The
debate should, therefore, focus on the best ways of reducing
the burden of poverty. The supporters of the Bill have argued
that employment guarantee is the most direct and effective
assault on pov-erty. As the programme envisages manual labour,
employment seekers are self-selecting and poor. As 90% funds
come from the Union, work can be provided to all those who
seek it. The wages earned over 100 days at Rs 60 a day will
at least provide basic sustenance during seasonal unemployment.

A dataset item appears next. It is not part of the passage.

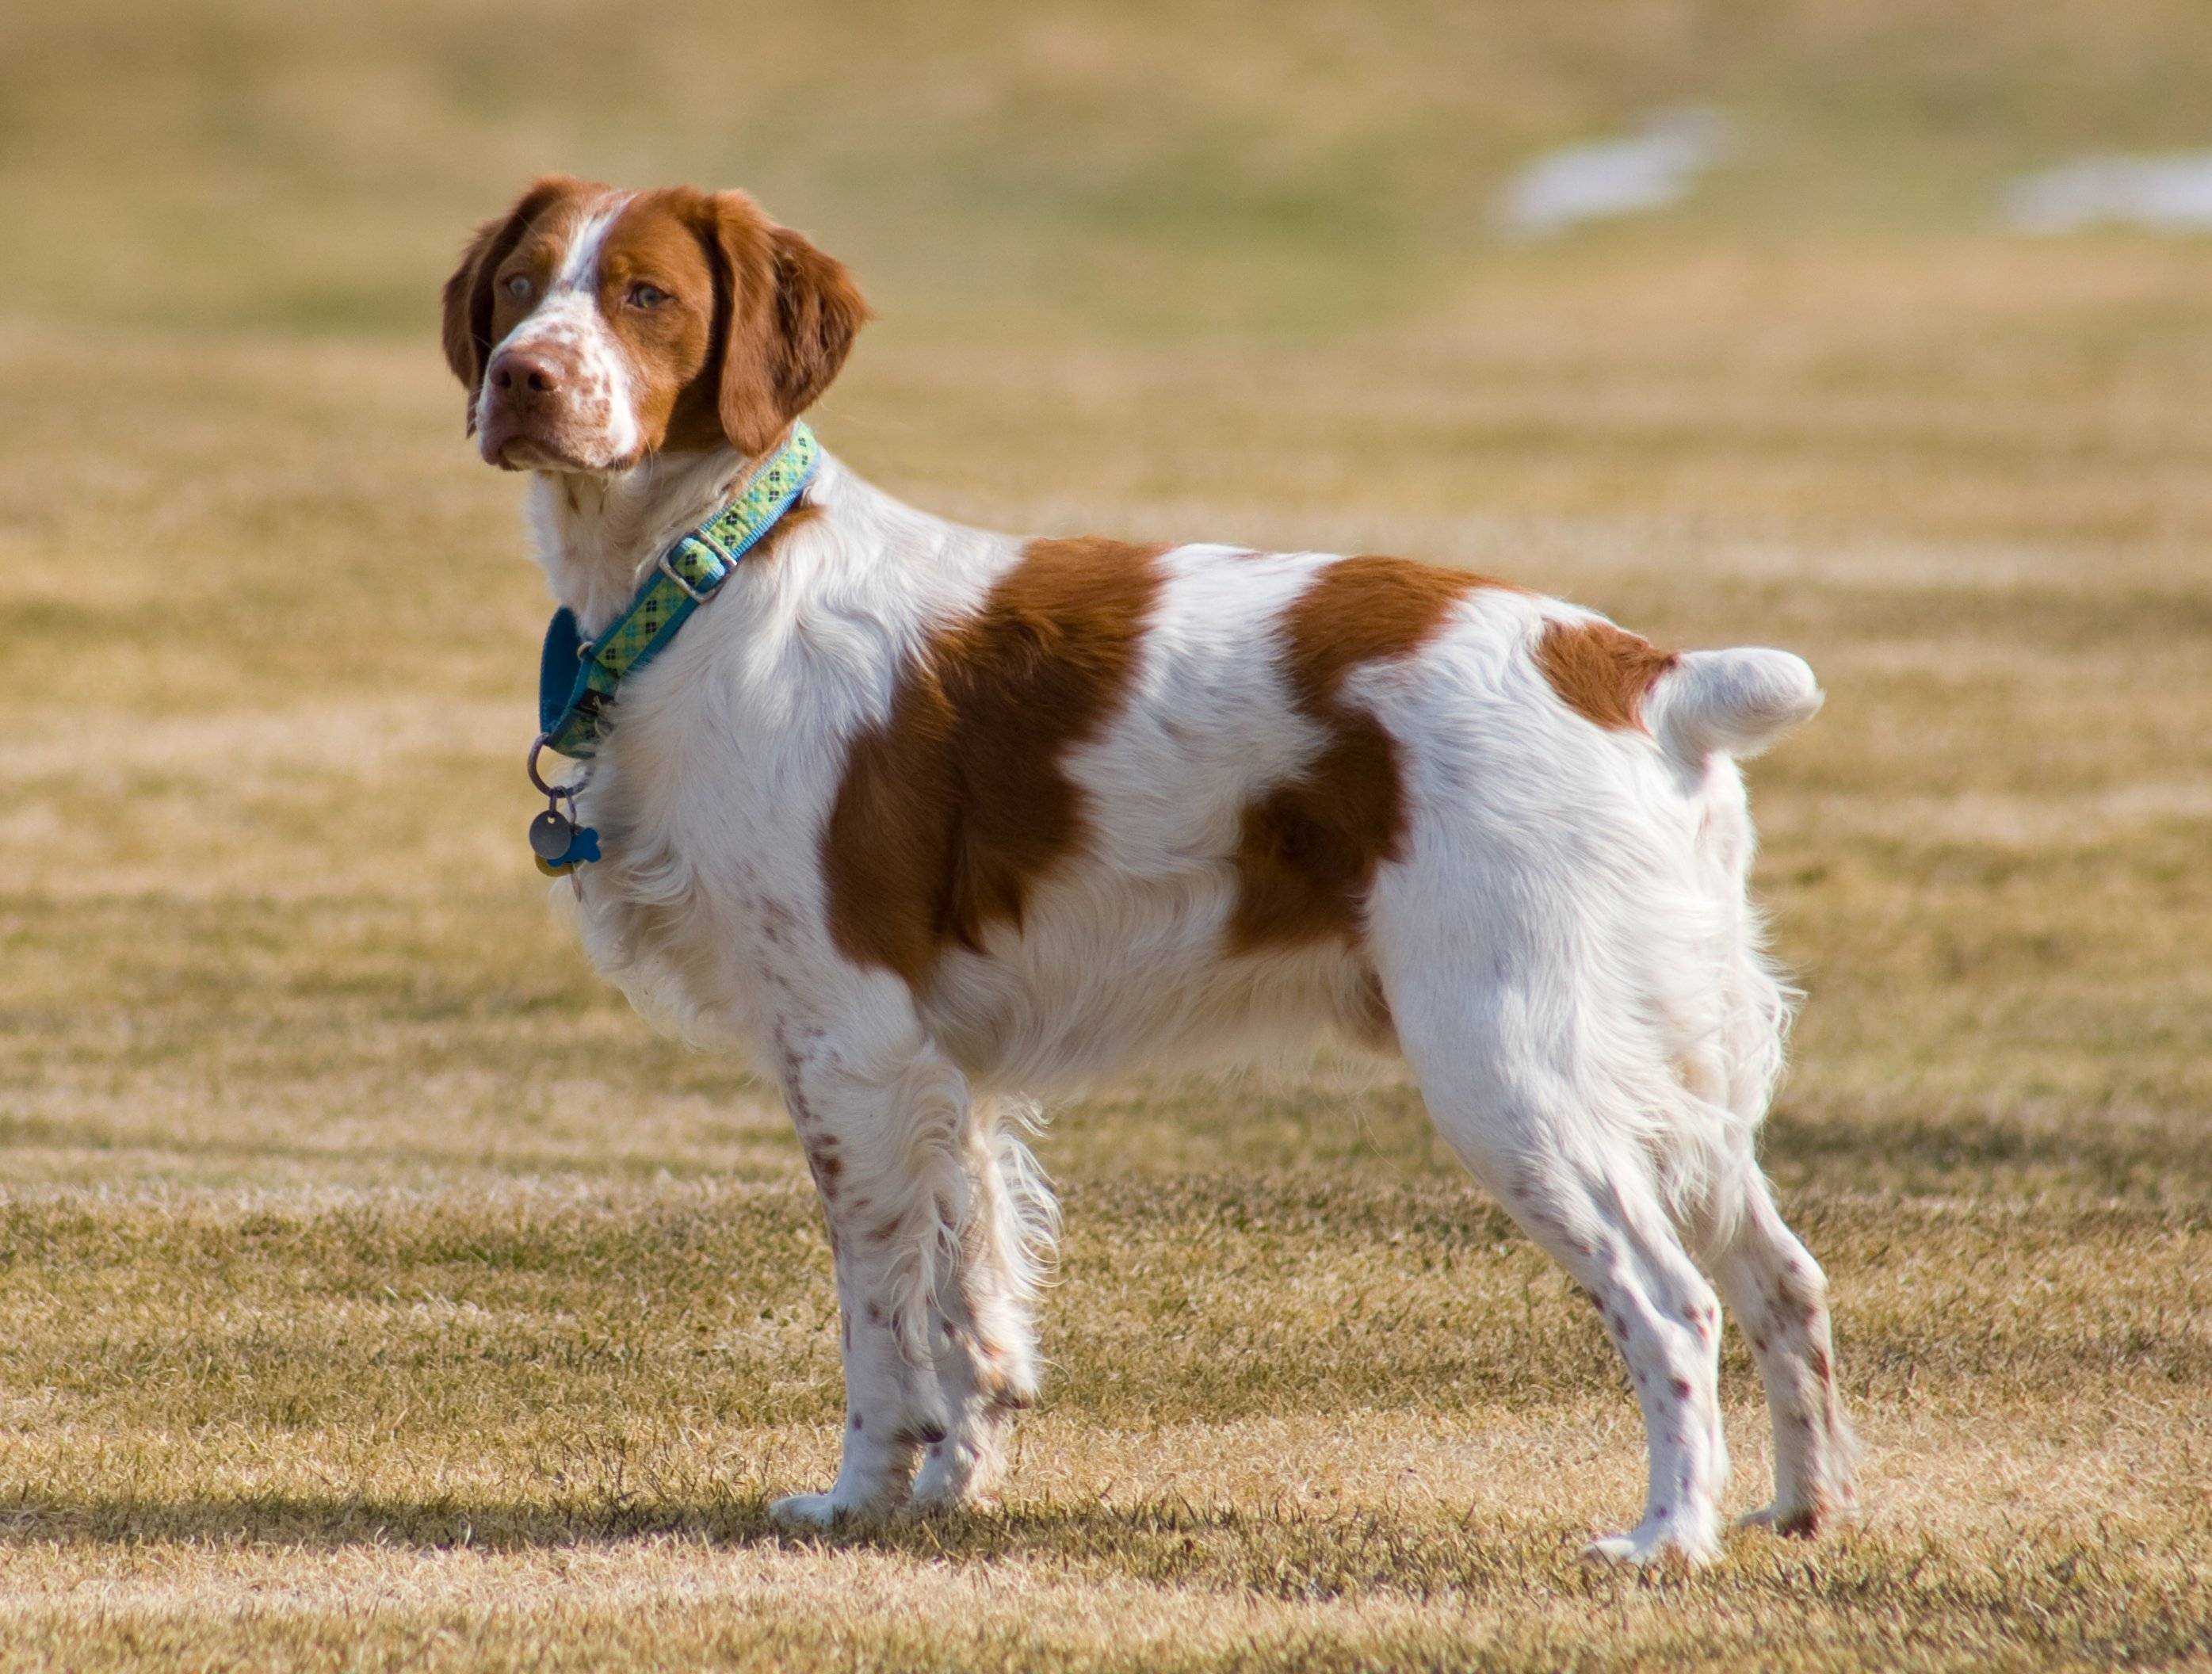 Бретонский эпаньоль (эпаньол бретон): описание породы собак с фото, видео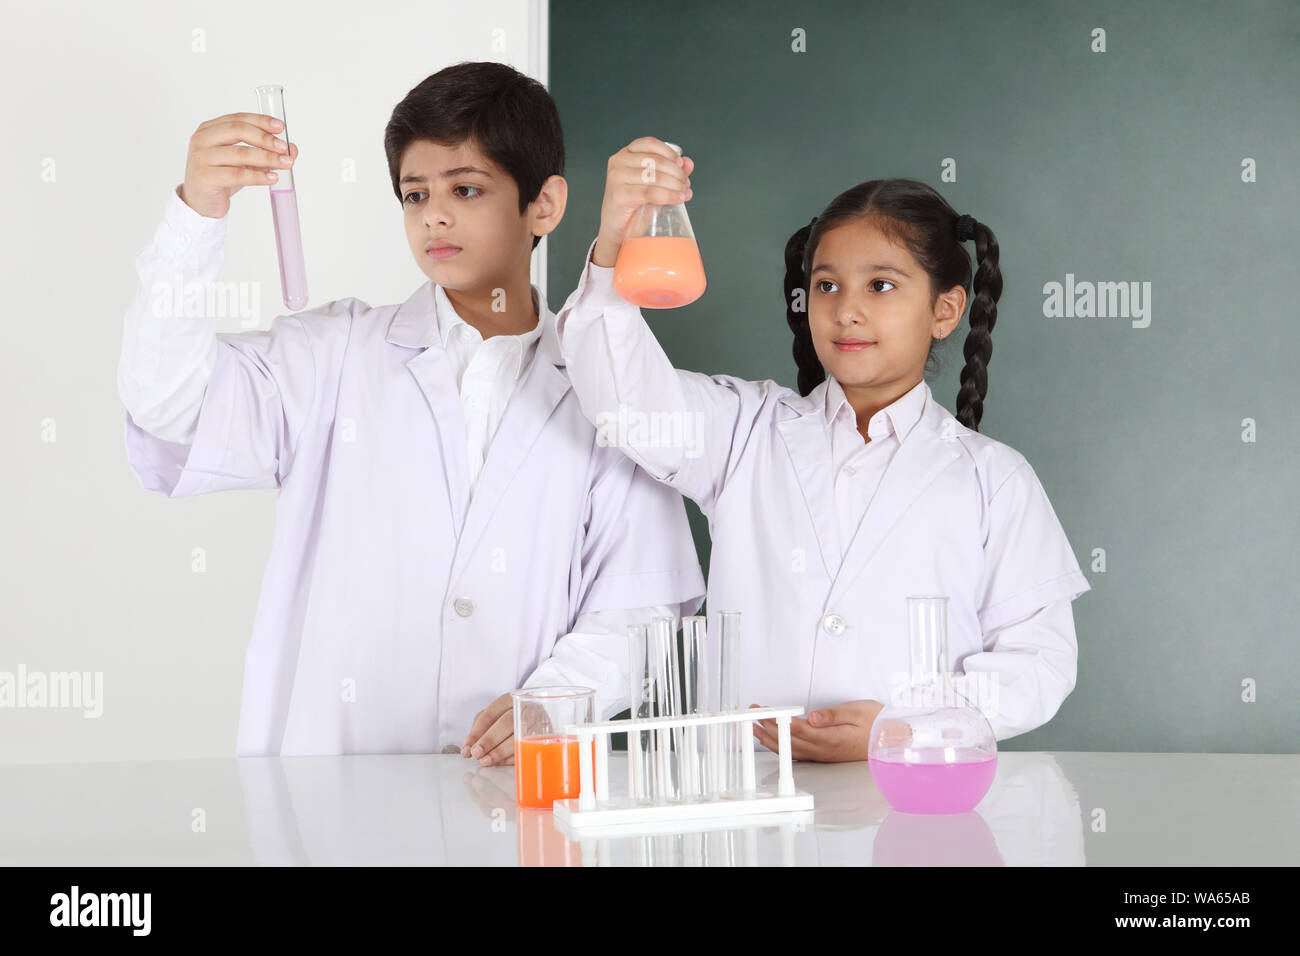 Los estudiantes de la escuela experimentan en un laboratorio de química Foto de stock

With panchayats actively involved, there will be community
acc-ountability. If we assume 40 million rural households
below the poverty line, and 40% non-wage component of rural
works under the programme , the total cost of the guarantee
would be about Rs 40,000 crore per annum. The proponents
argue that while this is a large sum, it is only about 1.3%
of GDP (at current prices), and is worth investing to reduce
poverty.
The
sceptics argue, with Union government tax revenues in the
range of 10% of GDP, 1.3% is a lot, and we should make sure
the money is well spent. In this day and age, earthwork,
removing boulders and filling pits cannot constitute gainful
employment. The real causes of poverty lie in inadequate
skills, denying opportunities to participate in wealth creation
in a modern economy, and poor health access and the crushing
burden of costs of ill health. When resources are limited,
we must get the best value for every rupee spent. A lot
more investment in education and hea-lth care is needed.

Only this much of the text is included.